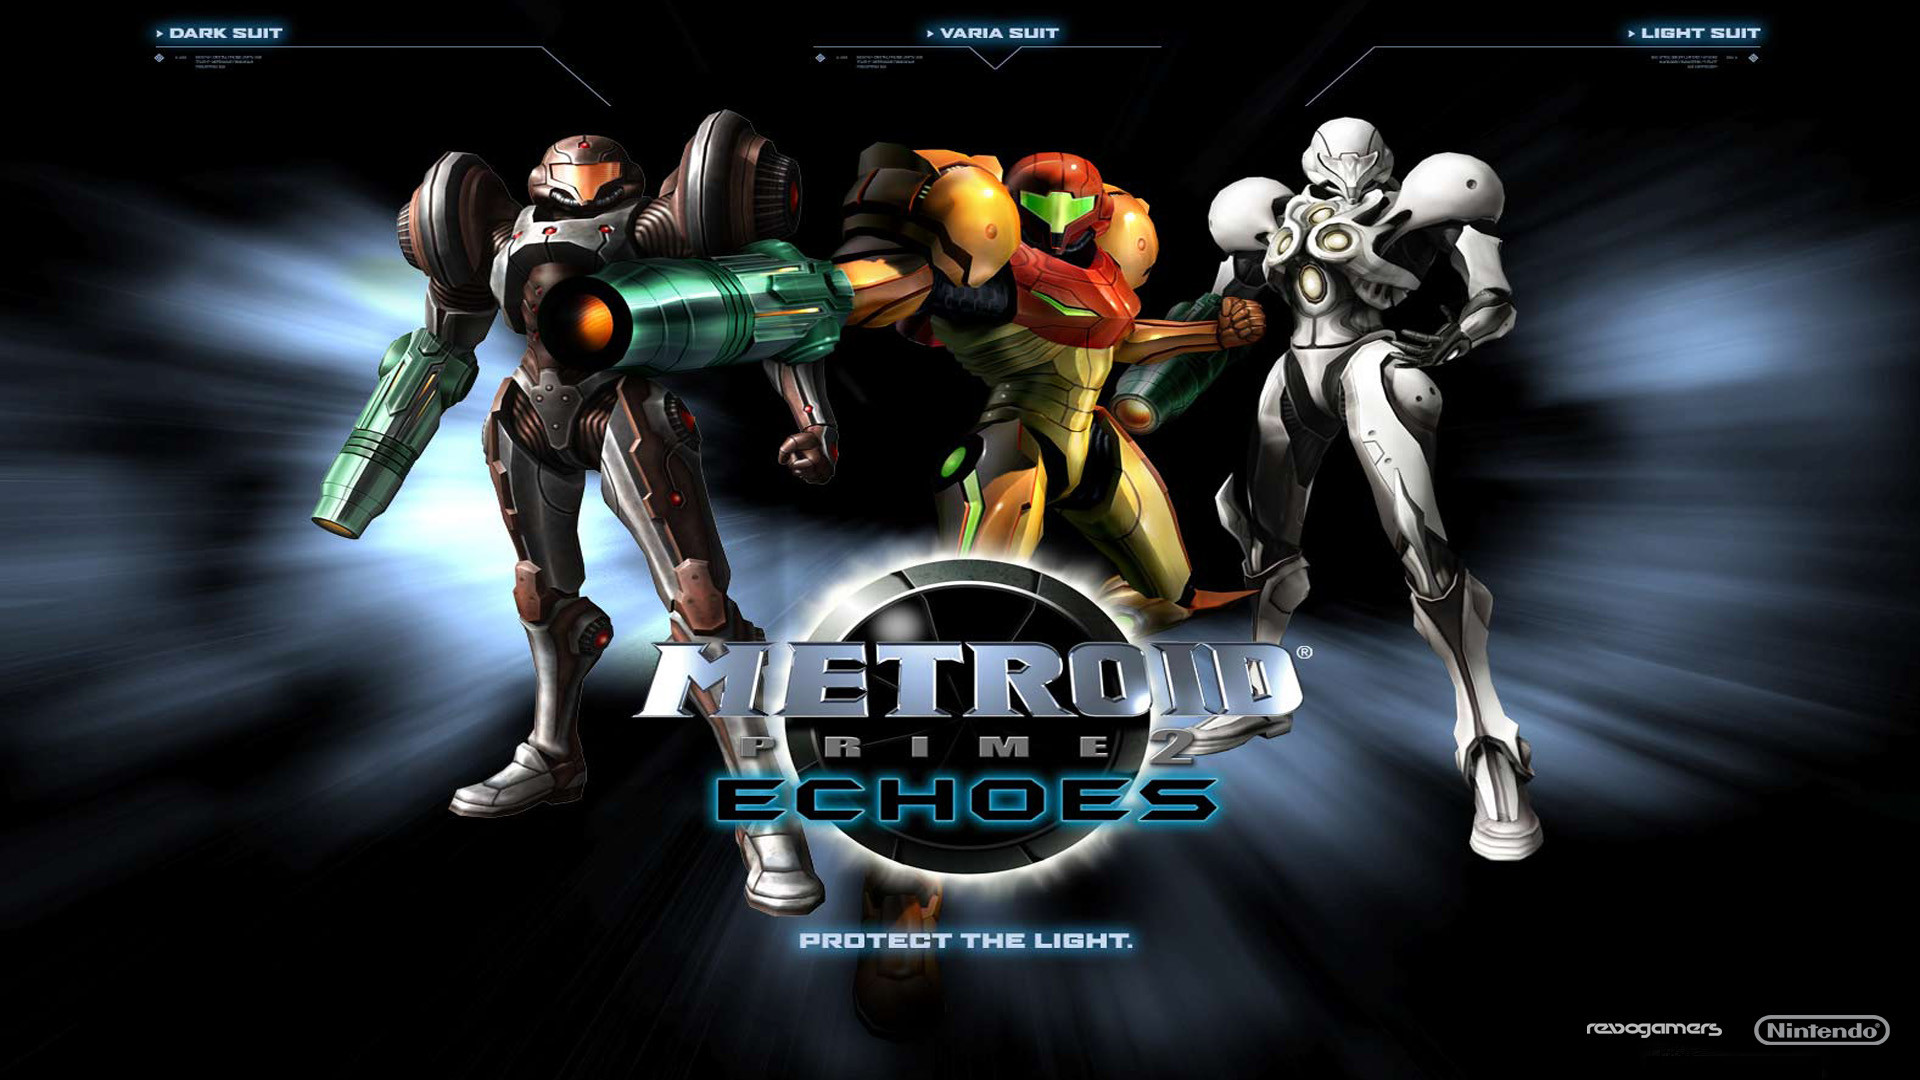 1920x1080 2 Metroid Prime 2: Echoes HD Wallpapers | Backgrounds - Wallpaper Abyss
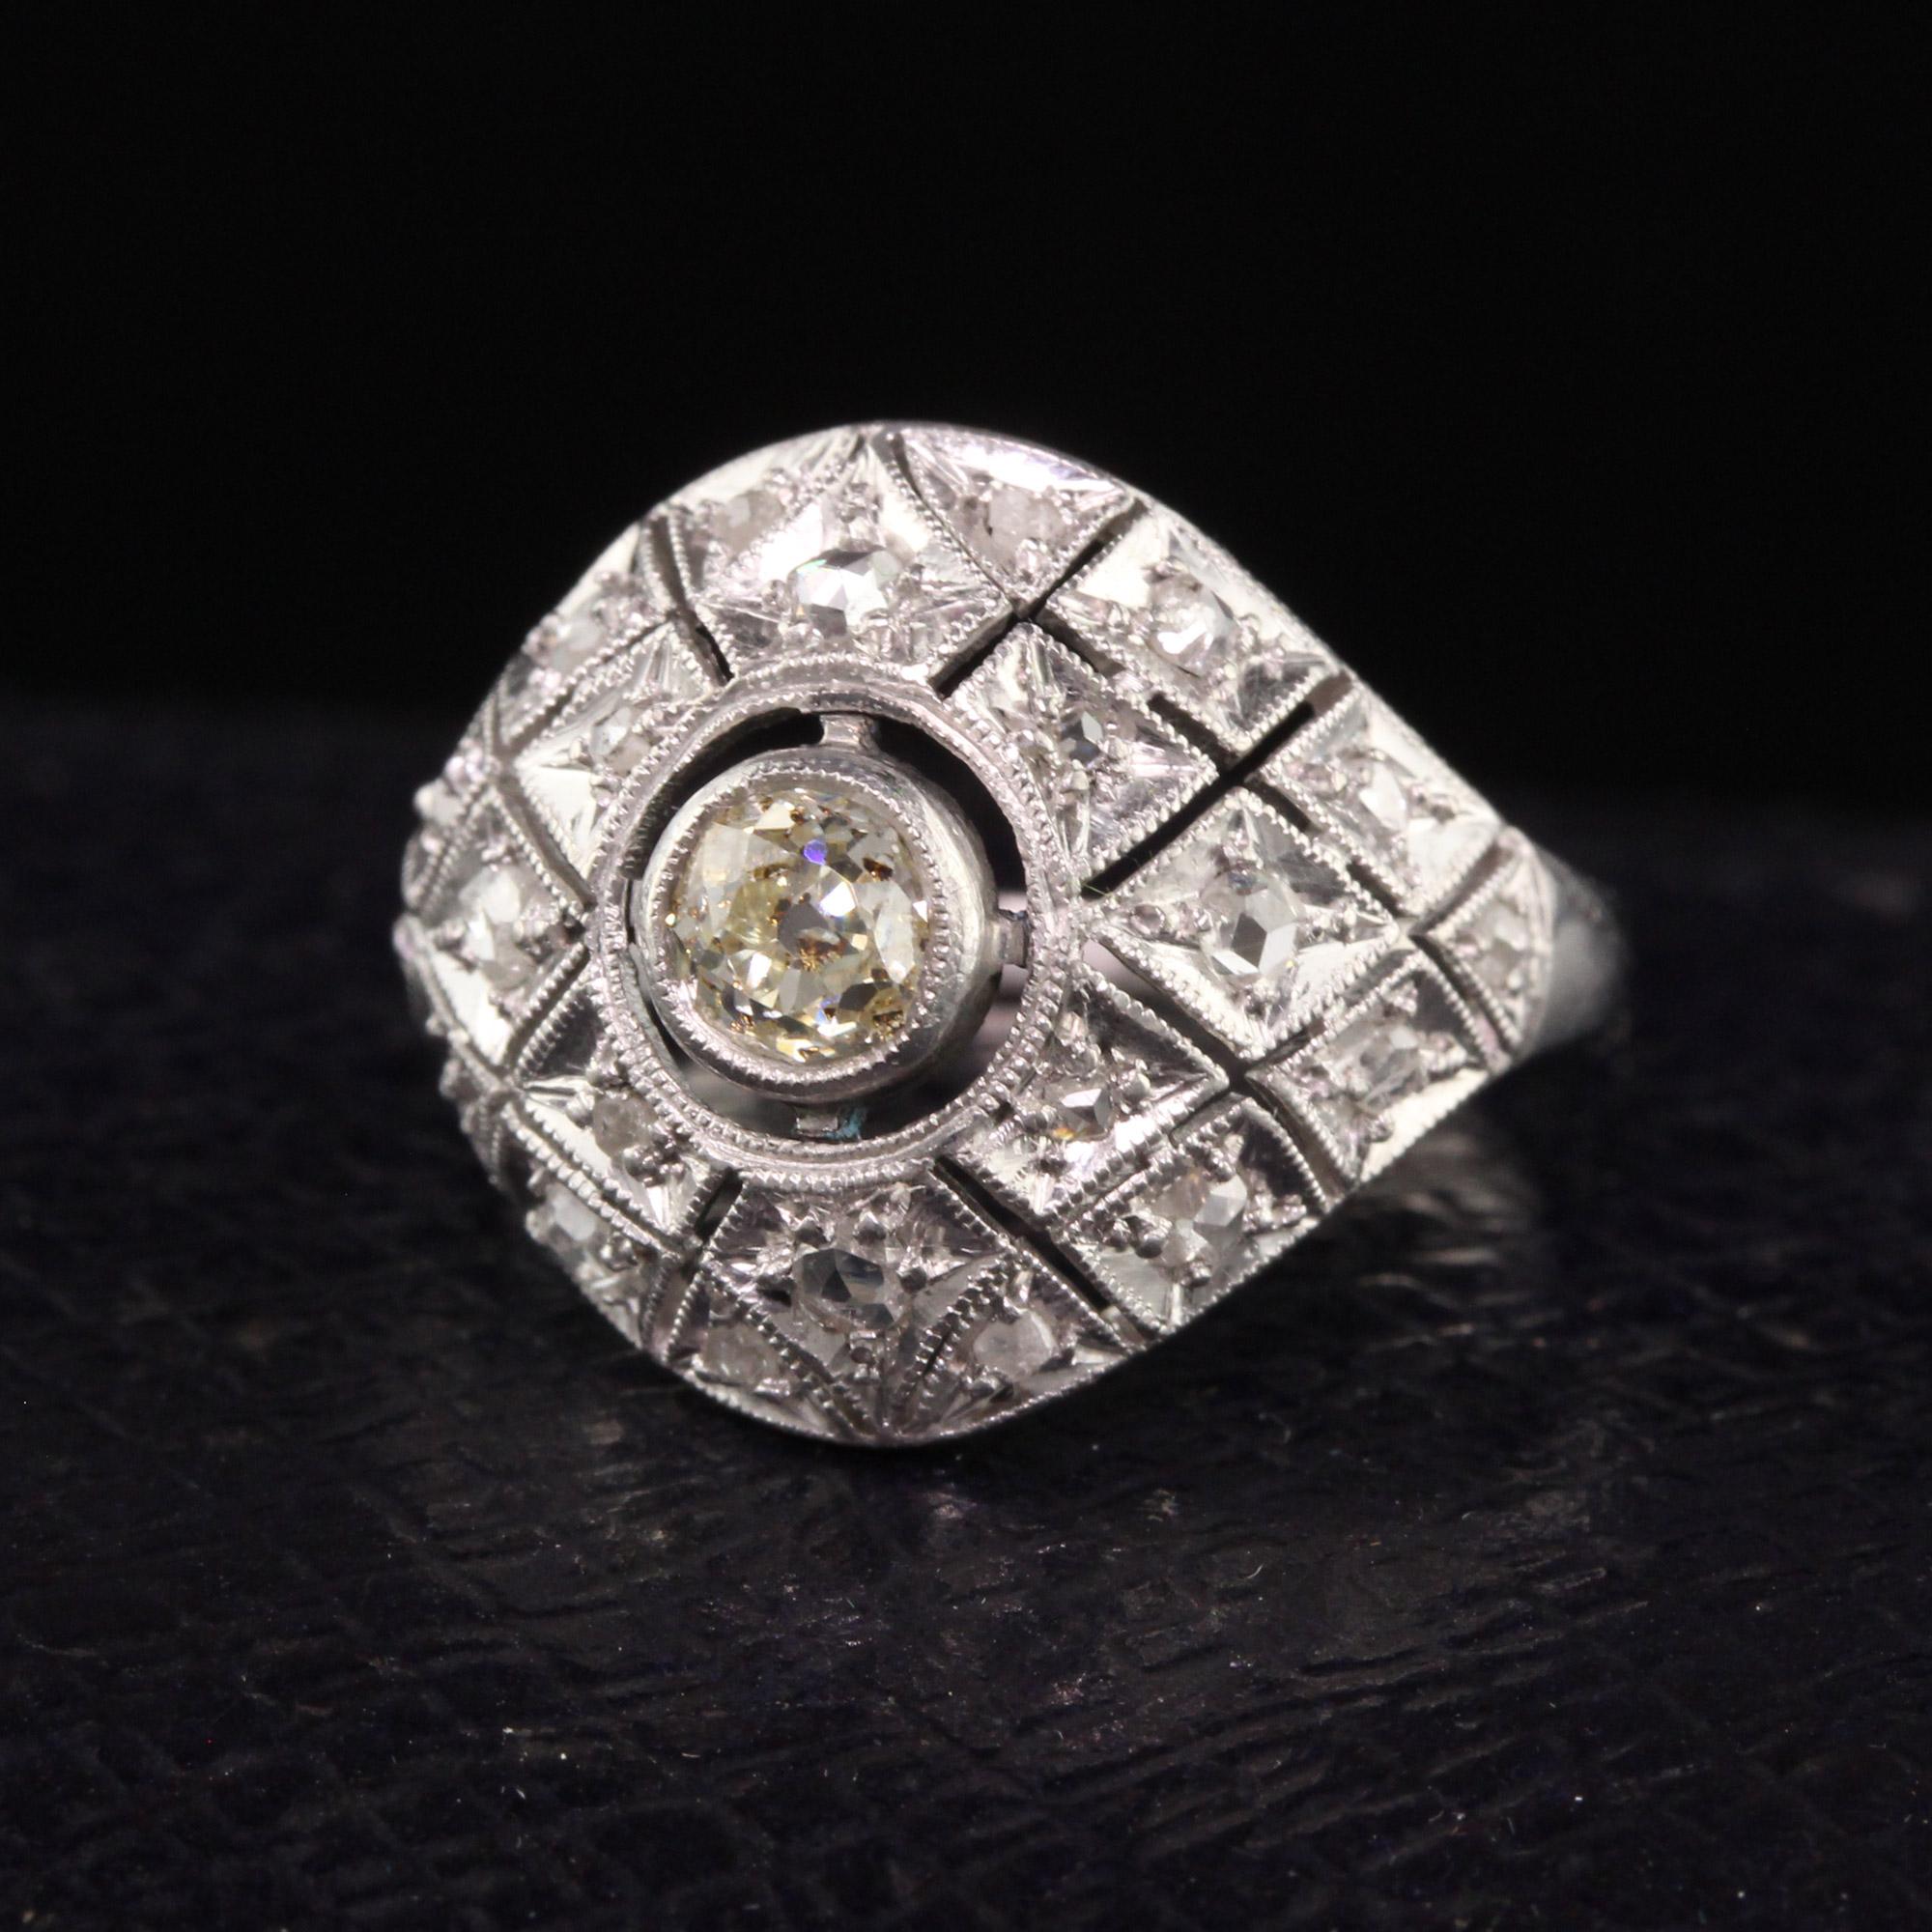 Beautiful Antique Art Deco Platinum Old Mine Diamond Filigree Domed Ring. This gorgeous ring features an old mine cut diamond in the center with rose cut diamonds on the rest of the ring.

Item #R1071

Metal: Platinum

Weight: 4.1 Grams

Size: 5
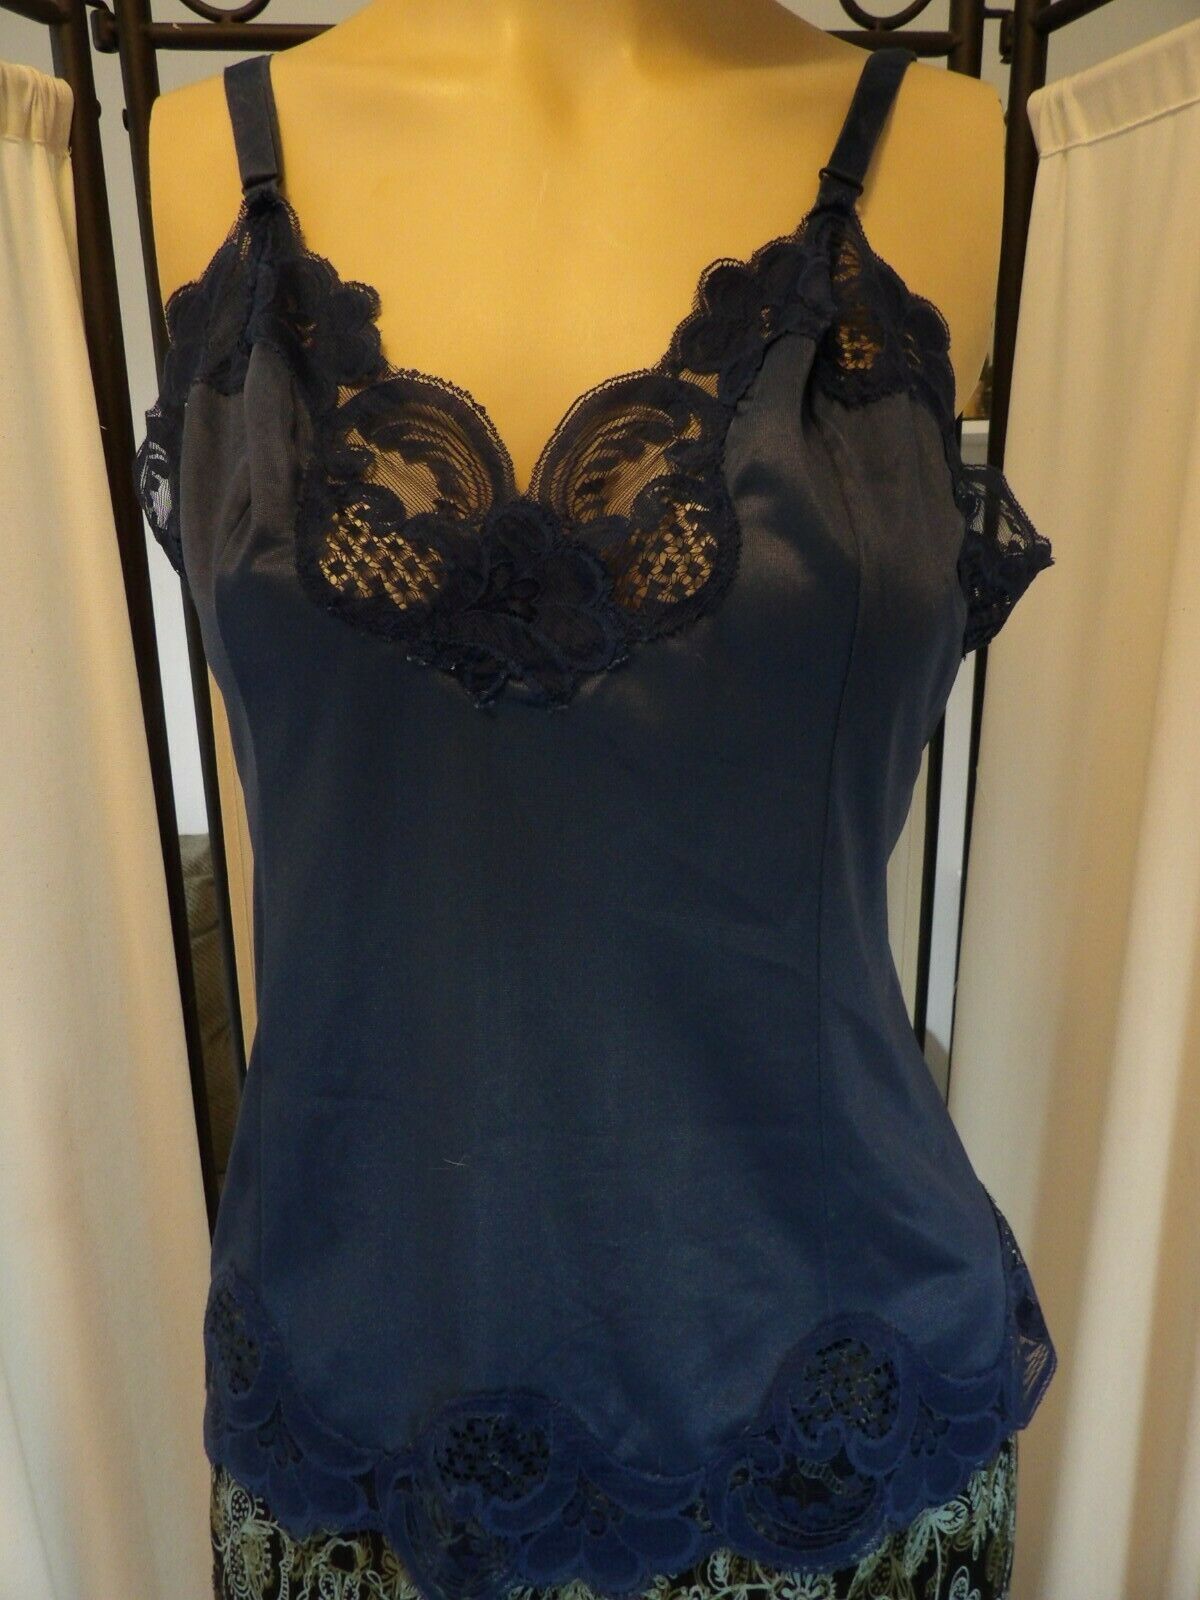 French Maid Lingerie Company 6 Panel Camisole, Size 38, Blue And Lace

=======

• [PROBLEM TO SOLVE]: Write out the lines beginning at the line with "Beautiful Antique Art" and ending at the last line of the entries. Include no pictures.

• [EXPECTED ANSWER]:
 Beautiful Antique Art Deco Platinum Old Mine Diamond Filigree Domed Ring. This gorgeous ring features an old mine cut diamond in the center with rose cut diamonds on the rest of the ring.

Item #R1071

Metal: Platinum

Weight: 4.1 Grams

Size: 5
 French Maid Lingerie Company 6 Panel Camisole, Size 38, Blue And Lace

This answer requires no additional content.